Hubby will be travelling quite a bit so I'll be on my own a large part of the week. As a woman in her 50's is there any advice anyone can give me on meeting new people? I will be looking for work after a while but initially I want to get us bedded in. I've looked on Meetup but a lot of the meeting seem to be common to all groups? 

There is so much to sort out I'm focusing on the small stuff . Can opened jars of herbs etc be shipped out? What about unopened bottles of shampoo, bubble bath etc? Especially with what Santa has brought today :xmasunwrap:. 

I've read that your furniture etc will get through customs quicker if you've left all the packing to the removals people. Does that mean they will pack everything (including aforementioned herbs!).

Is there anything you wish someone had told you before you came (general advice/what to bring etc?)

Thanks.


----------



## Leb2014 (Jan 25, 2015)

*Hey *

Hi dubai_ali,

I moved to dubai 18 months ago with my husband.

I'm not sure on the herbs etc but If there's anything else you would like advice on at any time I'm happy to help 
Good luck with the move


----------



## amanda72 (Jan 24, 2015)

I moved to Dubai 5 months ago with my husband and daughter. My advice is be ruthless with your packing. There is a whole list of things you are not allowed to bring and open packets of food or herbs is one of them. In fact we were told not to pack any food, cleaning products, we had to have bike wheels disinfected, We were not able to bring our rocking horse because it had a real horse hair tail and mane we were unable to take our antlers collection or antler light fitting! Go through your DVDs carefully, no religious pictures or nudes (however tasteful). We were told not to freight over a Childrens bible but to take it in our suitcase, go through your books and weed out anything that might me a customs official has an excuse to go through all of your stuff. You will be incredibly busy getting ready to pack and rent out your Uk home as well as getting things sorted here. Shipping is cheaper than air freight. You need a specialist removal company to do that and all the paperwork this end. you can buy everything you need in Dubai. If you haven't been here in the summer or even September and October it is really unpleasantly hot and humid. Do not move here in July or August all the expat communities are headed home.


----------



## TT365 (Oct 14, 2014)

I would also do a search on facebook (if you are on it, I am not but my wife is!) as there are a number of groups here both for Dubai as a whole or for individual areas, for example there is an Arabian Ranches ladies group that meets once a week and has sub groups such as walking, crafts etc etc which is a good way to get out and meet people.


----------



## arabianhorse (Nov 13, 2013)

Prepare yourself for a hard life of:

1. Never having to cook a day of your life
2. Coffee Mornings every weekday morning with the other stay at home wives
3. beauty salons, massages and other body pampering treats
4. boozy weekend brunches and parties
5. lots of shopping 
6. hop on a plane every few months so you don't go "troppo"

and the list goes on...


----------



## twowheelsgood (Feb 21, 2013)

http://www.amazon.co.uk/Jumeira-Jan...&qid=1422448297&sr=8-2&keywords=jumeirah+jane

My OH is in her 50's and simply made sure I introduced her to work colleagues wives at events like Iftar, she barged her way into an aqua-aerobics class at our pool area, and then simply joined a few clubs and art classes and the like. She got most from Whats On magazine.

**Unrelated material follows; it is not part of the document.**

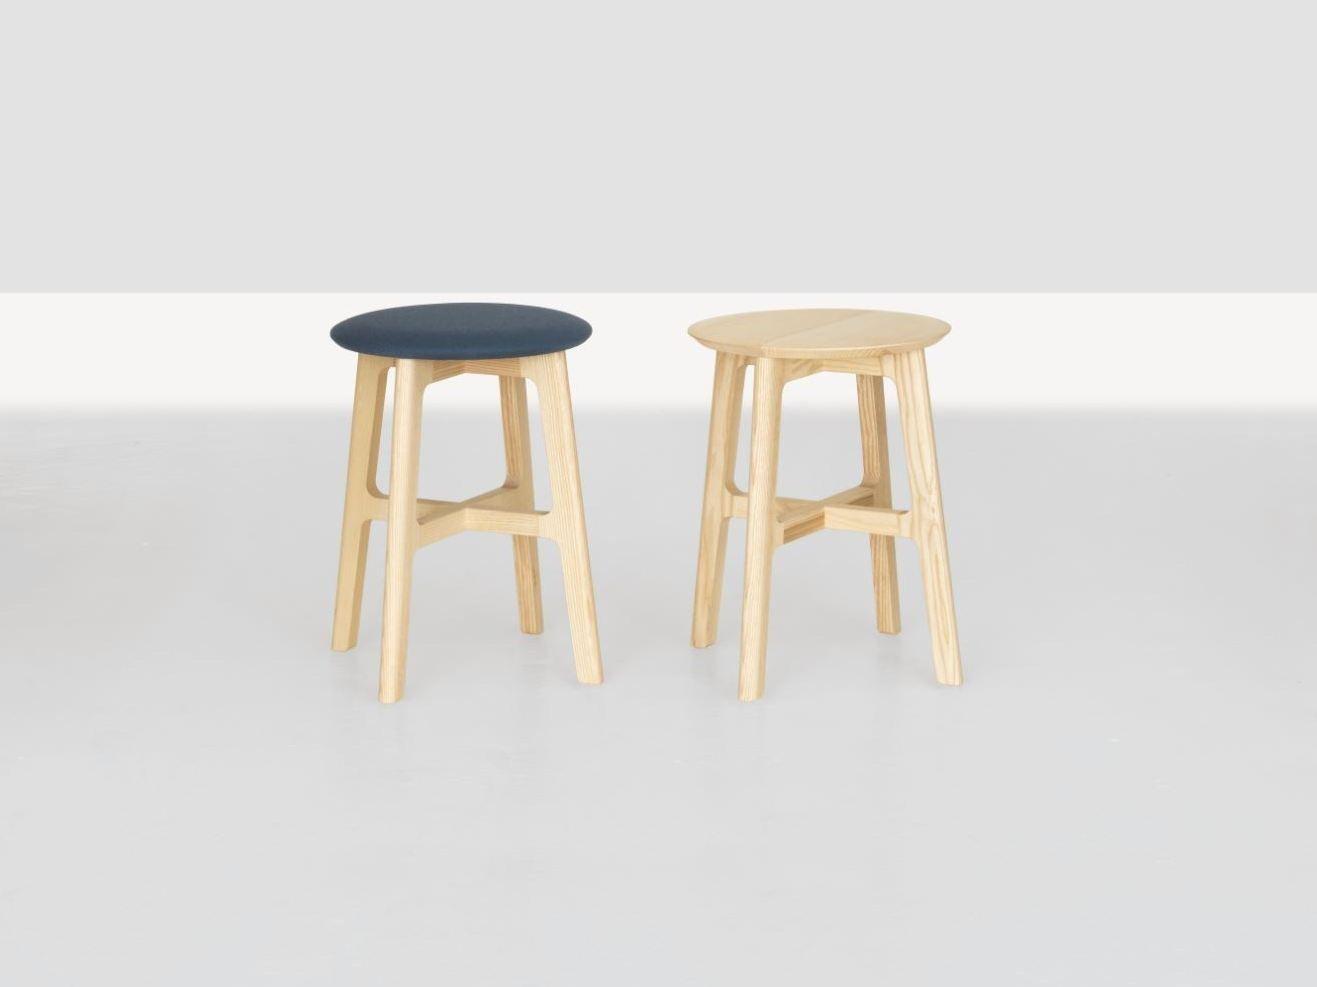 Tabouret Bas En Bois 1 3 Stool By Zeitraum Design Kihyun Kim

I am now getting in the way of her social calendar when I come home ..... and am being dragged around by her and her friends


----------



## gallygirl (Jun 17, 2014)

Thanks for that, very reassuring, I too am a lady of a 'certain age' moving out soon


----------



## MK21 (Feb 26, 2015)

I would be really interested to learn how you are all getting on!!
I have been approached about a job in Dubai and have some time to think about it.
I have concerns, I am single in my mid 50s and as such worried about making friends and also about what happens if it doesn't work out. 
Coming back to the UK nudging 60 years and looking for a job (sales and marketing) would be nigh on impossible.

So how are you all settling in? Are you making friends, do you see a single woman being able to do so easily?

And does anyone have any experience of writing an exit clause in their contract? 

All feedback and advice received with open arms!!


----------